Он устремил на меня свои загадочно поблескивающие из-за стекол очков глаза, всегда казавшиеся мне во время лекций вратами его всепроникающего духа; близость их оказывала почти головокружительное действие, ибо и во мне самой, безусловно, тоже не было ничего, что бы он не в состоянии был проникнуть! И я радовалась сознанию быть проникнутой этим взглядом!
– Вы одобряете мою помолвку? – спросила я по-детски доверчиво.

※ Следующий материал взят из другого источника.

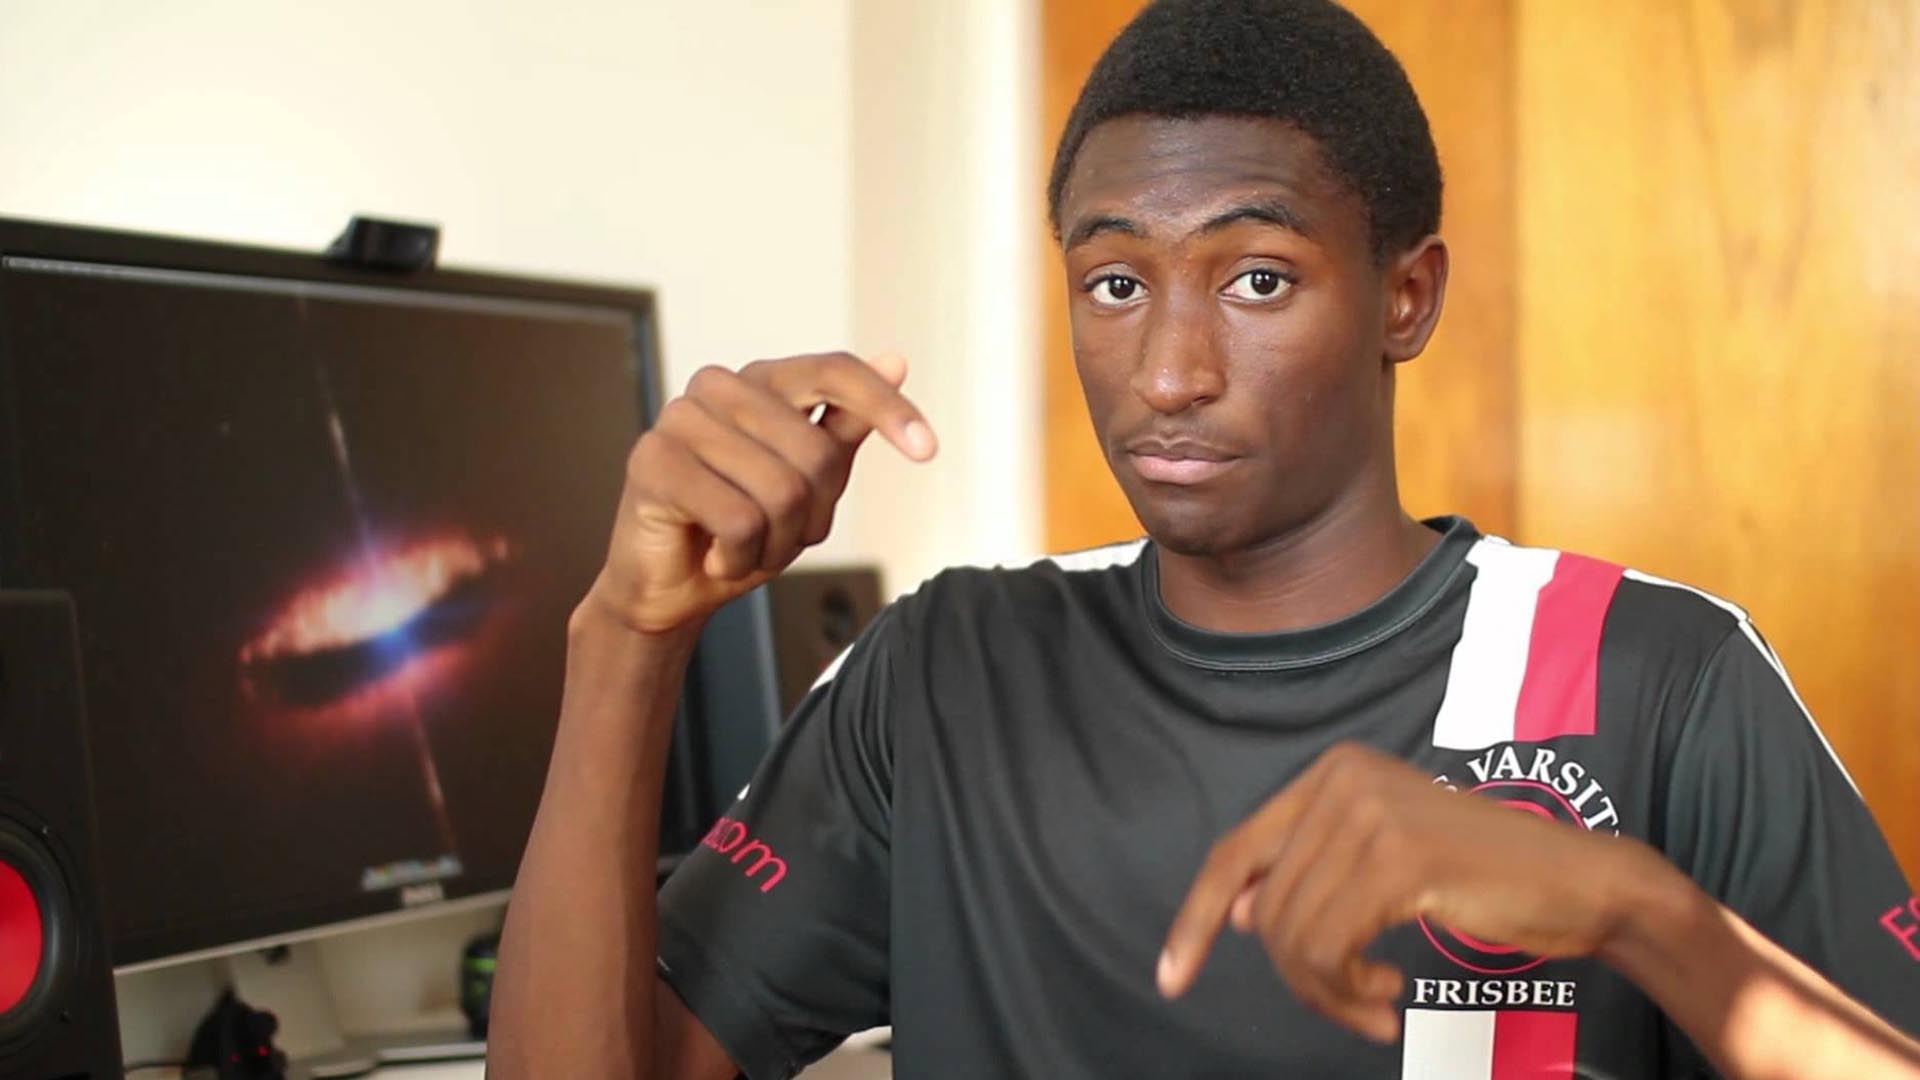 Marques Brownlee, Reddit AMA highlights, Q&A session, Tech discussions, 1920x1080 Full HD Desktop

– Честно признаться, нет, – ответил он. – Хотя я чрезвычайно ценю вашего жениха, это самый одаренный из всех моих учеников, одна из немногих надежд, оставленных мне как ученому этой кровожадной войной. Но надежда эта, к сожалению, едва ли может стать залогом вашего счастья. Откровенно говоря, на ваши планы относительно монастырской жизни, которые тоже не совсем пришлись мне по душе, я смотрел спокойней, чем на этот брак. Ибо в монастыре вы, по крайней мере, обрели бы созвучную вам среду, в то время как этот брак грозит вам почти неразрешимыми противоречиями с самою собой. Я даже не имею в виду возражения, которые вам придется услышать от Церкви, – я просто думаю о трагизме положения сегодняшнего христианства. Не знаю, насколько вы сознаете этот трагизм, – вы представляете себе меру одиночества христианина в сегодняшнем мире? – Он произнес все это очень серьезно и трезво: ему, по-видимому, даже в голову не приходило хотя бы попытаться успокоить себя или меня.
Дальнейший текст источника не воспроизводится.